2019 Prime Minister Cup
- Dates: 24 May 2019 – 8 June 2019
- Administrator: National Sports Council (Nepal)
- Cricket format: One Day
- Tournament format: Round-robin tournament
- Host: Kathmandu
- Champions: Nepal Police Club
- Participants: 10
- Matches: 23
- Player of the series: Lalit Rajbanshi (NPC)
- Most runs: Raju Rijal (261 runs) (TAC)
- Most wickets: Lalit Rajbanshi (20 wickets) (NPC)

= 2019 Prime Minister Cup =

The 2019 Prime Minister Cup was the third edition of Prime Minister One Day Cup, which featured 10 teams.
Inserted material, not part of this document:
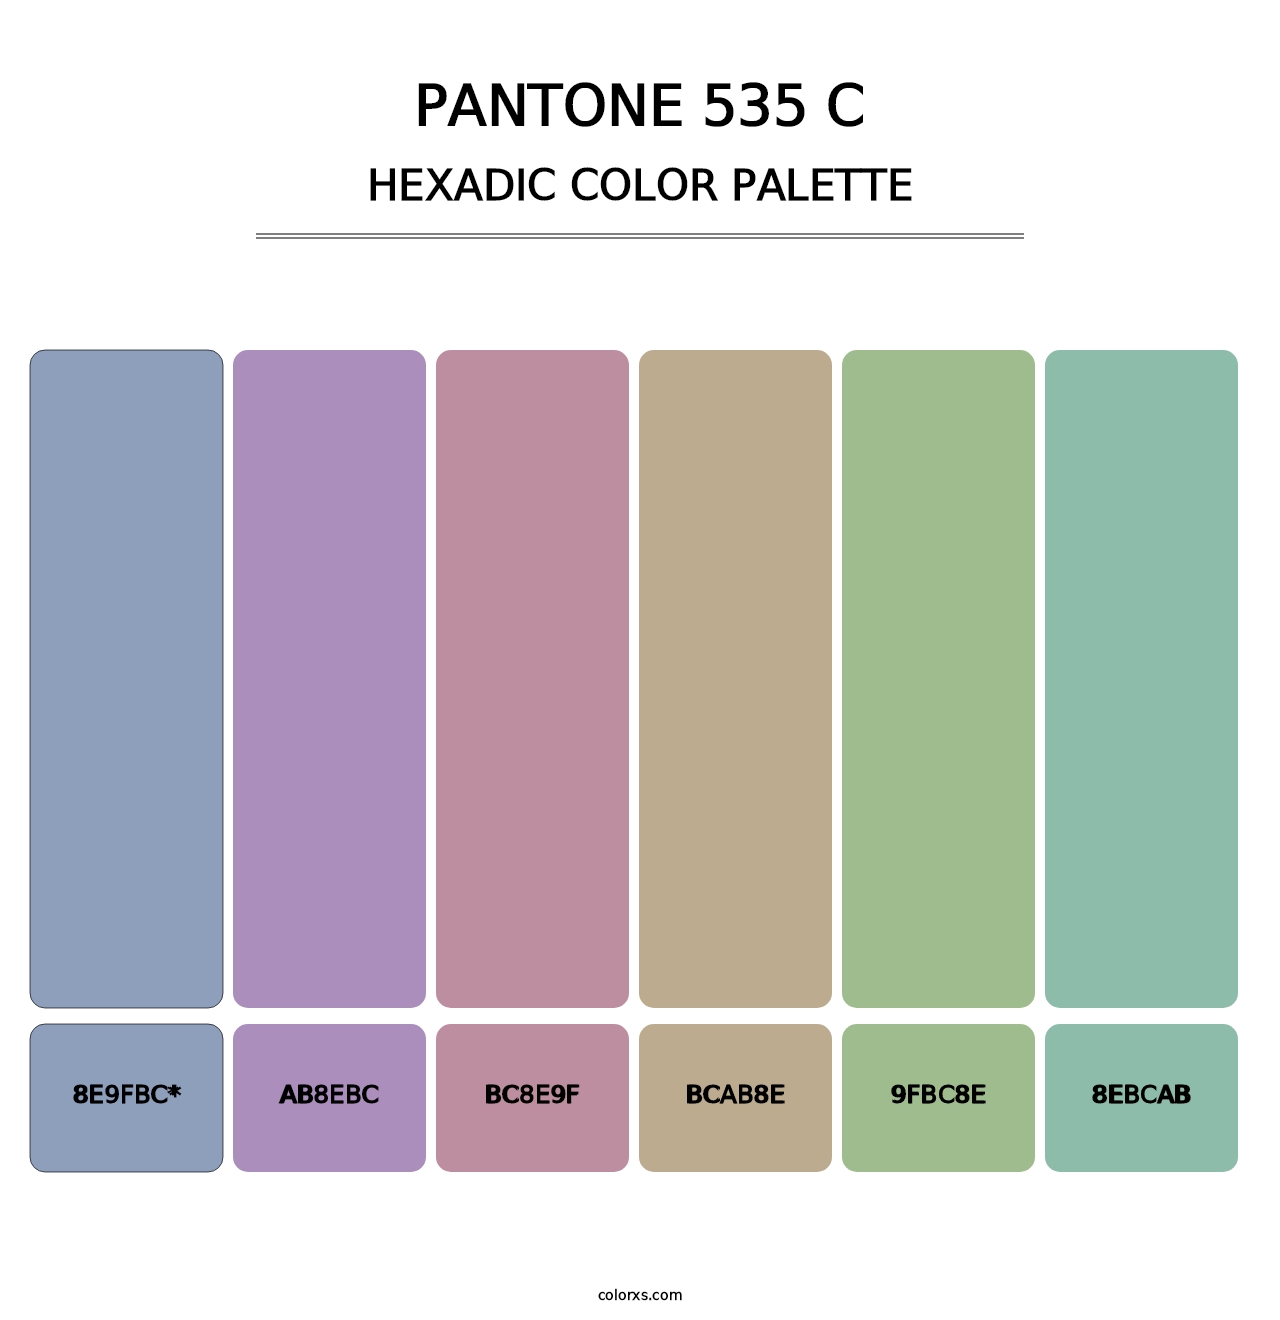 PANTONE 535 C - Hexadic Color Palette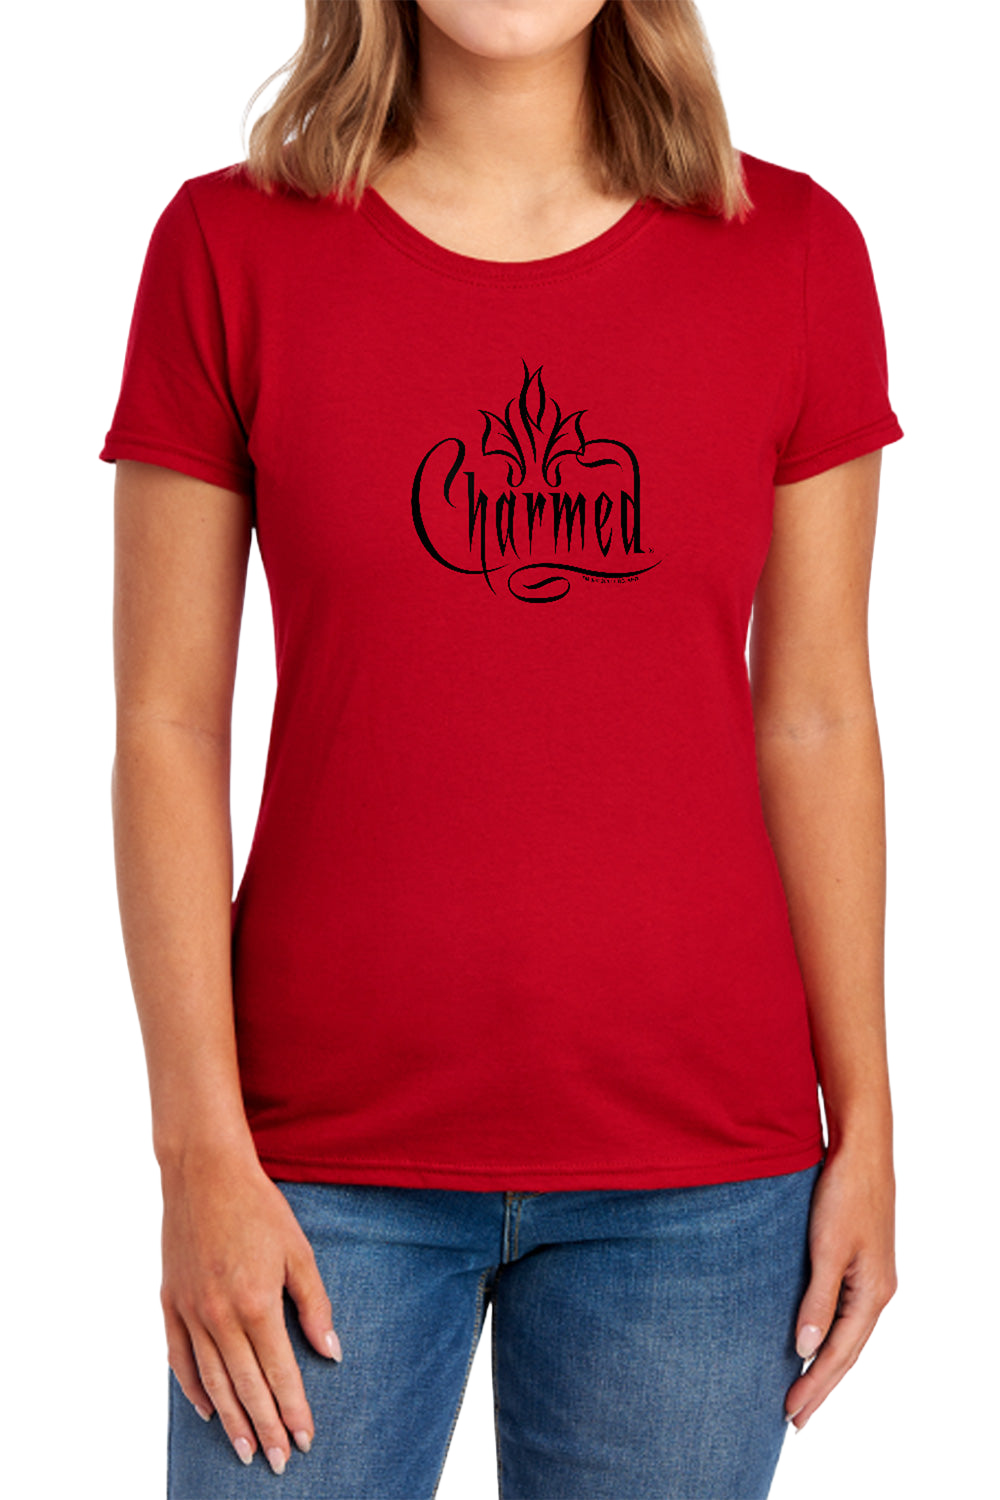 Charmed Charmed Logo - Women's T-Shirt Women's T-Shirt Charmed

Nepal Police Club won all their matches, and were the first team to win a Prime Minister One Day Cup while undefeated.

== Group stage ==
=== Group A ===

| Team | Pld | W | L | T | NR | NRR | Pts |
|---|---|---|---|---|---|---|---|
| Province No. 3 | 4 | 3 | 1 | 0 | 0 | 1.636 | 6 |
| Armed Police Force Club | 4 | 3 | 1 | 0 | 0 | 1.187 | 6 |
| Province No. 5 | 4 | 2 | 1 | 0 | 1 | –0.940 | 5 |
| Sudur Paschim Province | 4 | 1 | 2 | 0 | 1 | –0.268 | 3 |
| Gandaki Province | 4 | 0 | 4 | 0 | 0 | –1.673 | 0 |

=== Group B ===

| Team | Pld | W | L | T | NR | NRR | Pts |
|---|---|---|---|---|---|---|---|
| Nepal Police Club | 4 | 4 | 0 | 0 | 0 | 1.884 | 8 |
| Tribhuwan Army Club | 4 | 3 | 1 | 0 | 0 | 1.755 | 6 |
| Province No. 2 | 4 | 2 | 2 | 0 | 0 | –0.236 | 4 |
| Province No. 1 | 4 | 1 | 3 | 0 | 0 | –0.840 | 2 |
| Karnali Province | 4 | 0 | 4 | 0 | 0 | –2.812 | 0 |

 The top two teams from each group qualified for the playoffs.